The goal of this website is to hold the numbers that a brain just can't. These numbers are important: the strength to rule-in or rule-out disease of any "thing" that is done upon a patient should be known. Useful tests should be pursued and less useful investigations should not. This both saves time and may avoid unnecessary and potentially harmful tests. This database should reinforce that no test is perfect and whether a test is "good" always depends on how serious the disease and the pre-test probability.
Likelihood ratios will be continuously added to this site, but, to save time, focus is placed on investigations that are commonly used in clinical practice. Emphasis will also be placed on tests that are not often used in clinical practice but perhaps should be (see TST skin test for acute tuberculosis) and tests that are often used but maybe shouldn't be (see the absence of cardiac risk factors to rule-out MI).
To get started simply follow the links on the front-page to find the sought after test quickly. Once the investigation is found, select whether it is negative or positive, guess a pre-test probability and see what happens to your patient's probability. Suggestions for pre-test probabilities are also provided from the primary literature for selected investigations. If this is the case, the pre-test probability will become a link to this data. Information on the specific study or review from which the likelihood ratios are derived is also shown. Data is from an adult population unless otherwise noted. I recently wrote a tutorial with examples at the CanadiEM blog.

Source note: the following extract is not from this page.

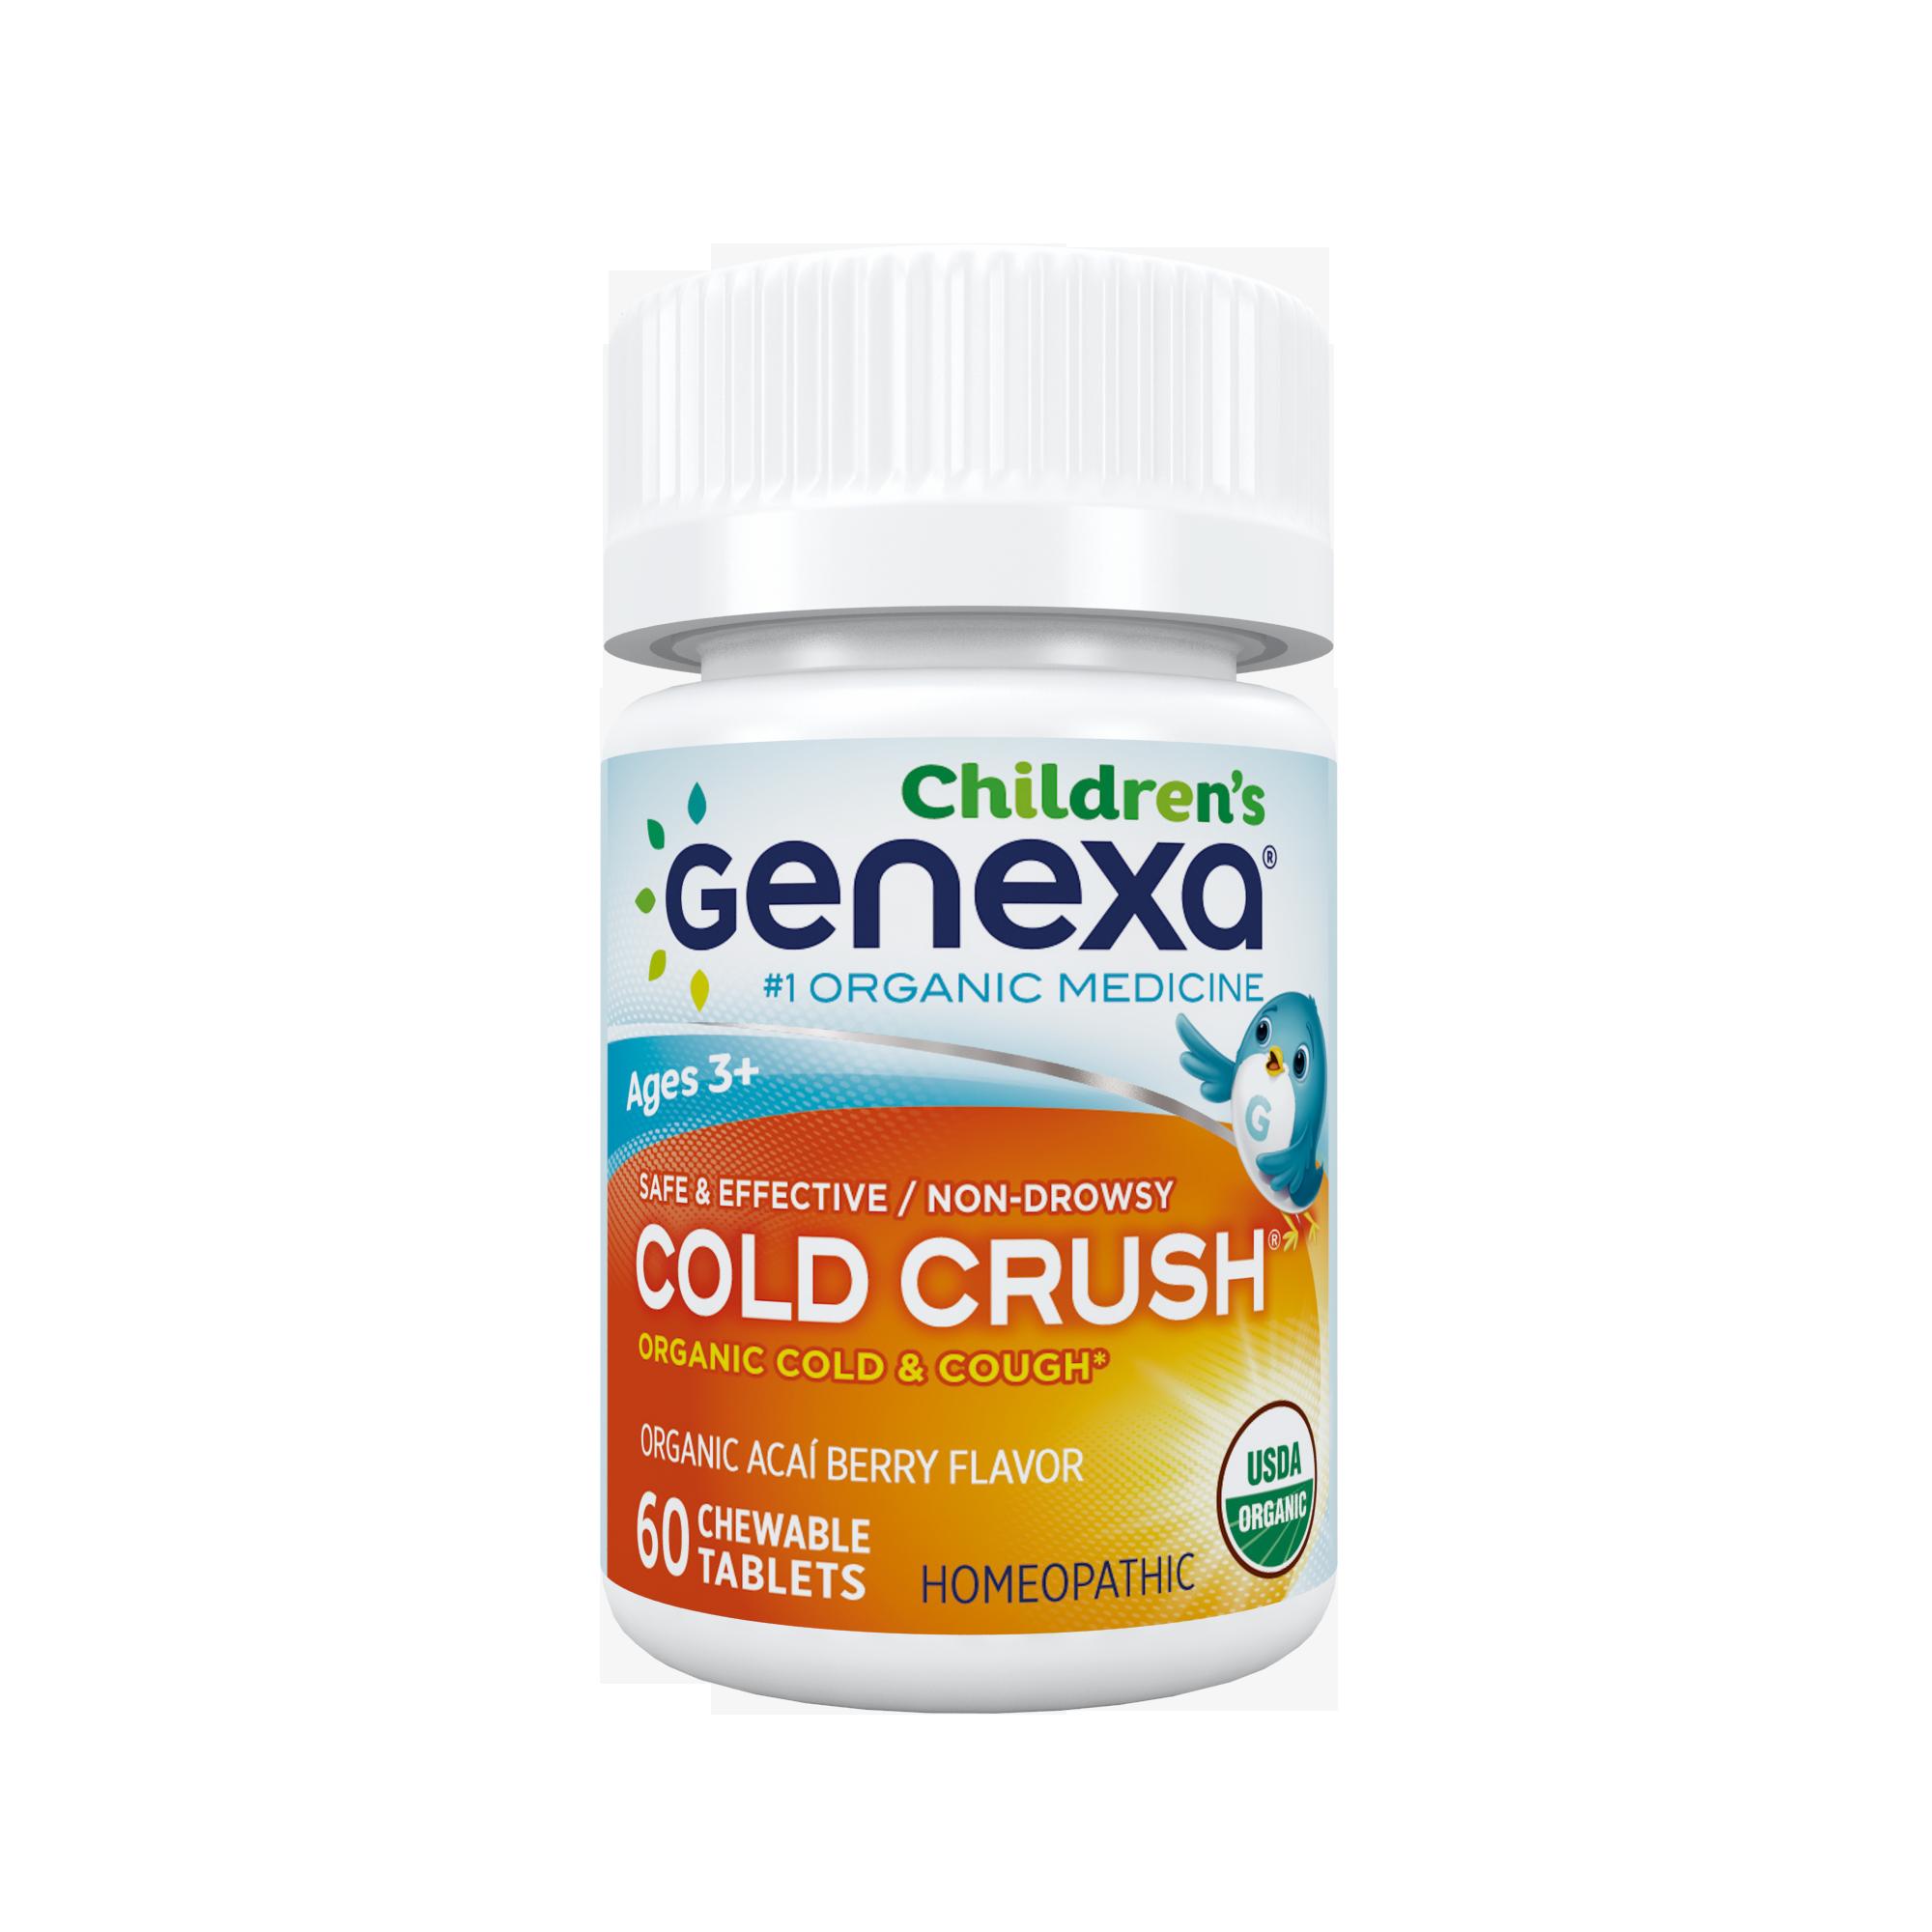 Genexa homeopathic cold crush. Cough clipart liquid medicine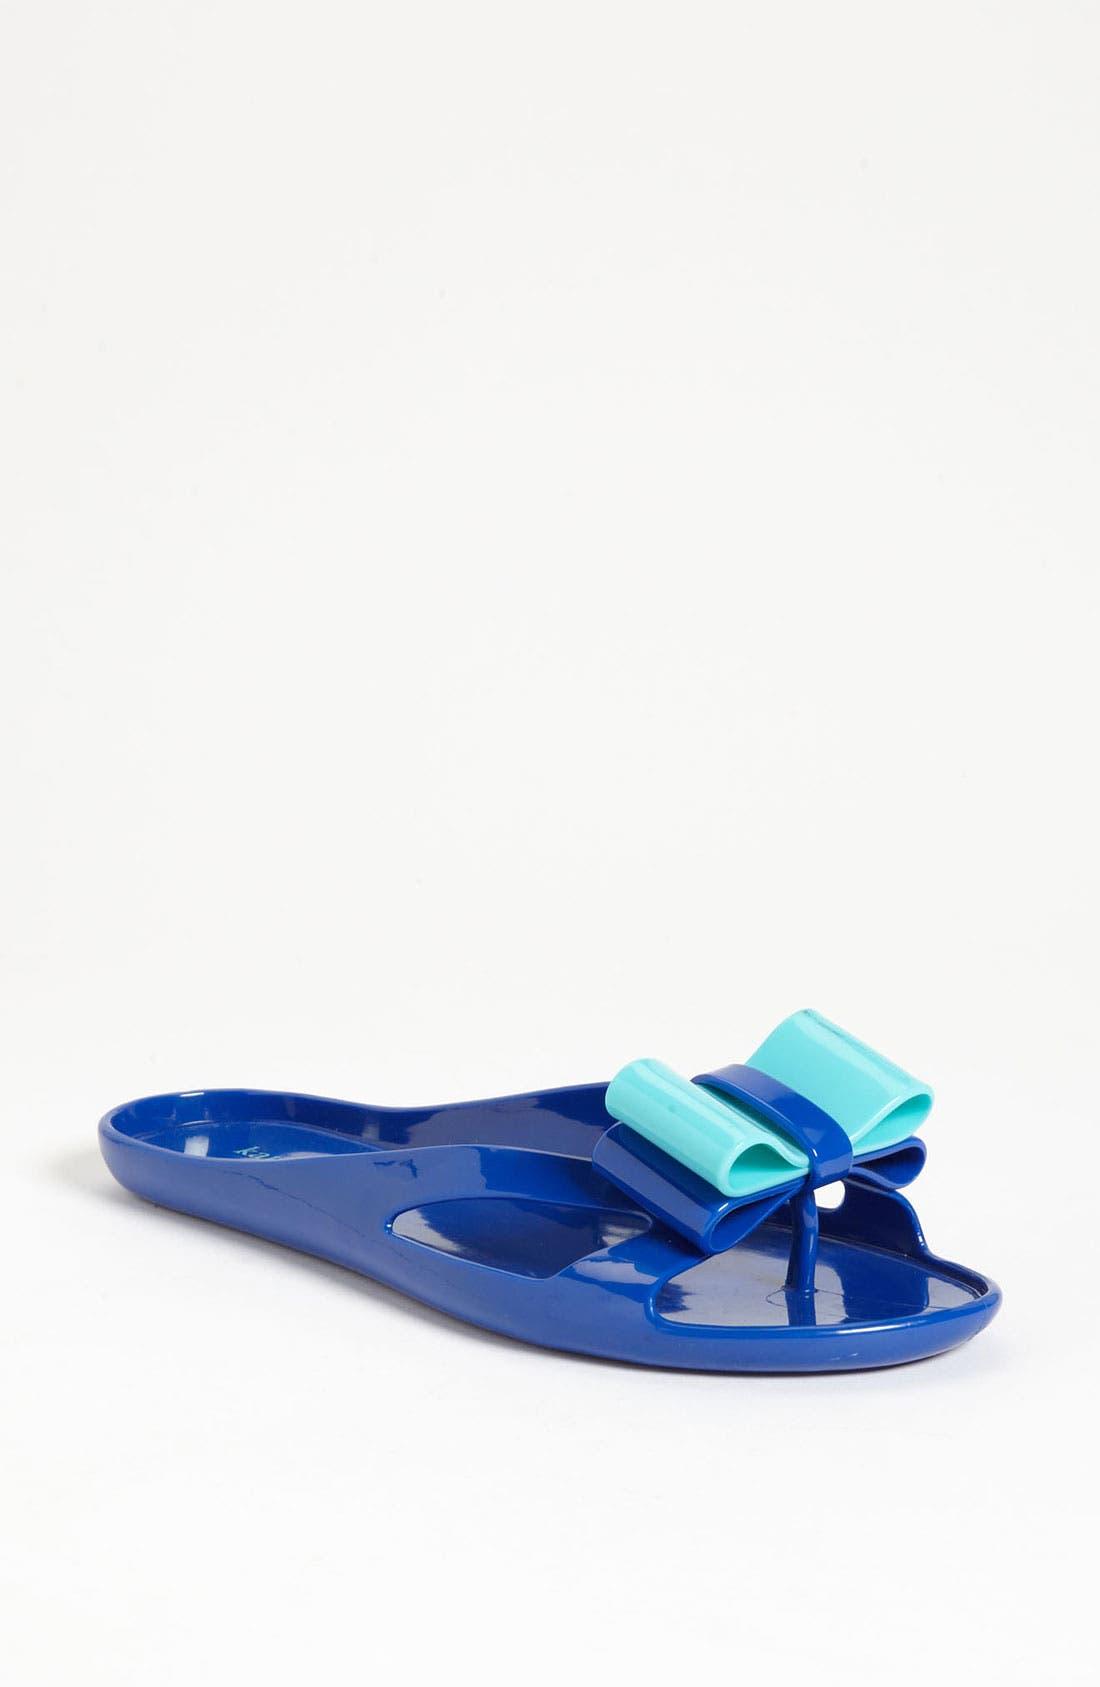 Alternate Image 1 Selected - kate spade new york 'bennie' sandal

Details on Data Collection
The data here is biased. The entire literature was not culled, although meta-analyses, when found, were preferred over individual studies. Attempts were made to find the most recent studies and to include data from those that were strong. If a study did not report likelihood ratios specifically, these were calculated using the excel spreadsheet found here. If specificity or sensitivity was 100% in these studies (meaning one subgroup of the 2x2 table had zero patients), all cells had a value of 0.5 added to prevent a zero or infinite LR without a confidence interval. Confidence intervals are reported to reinforce the fact that an average value only represents a range of values that, in some cases, can vary over a very large range.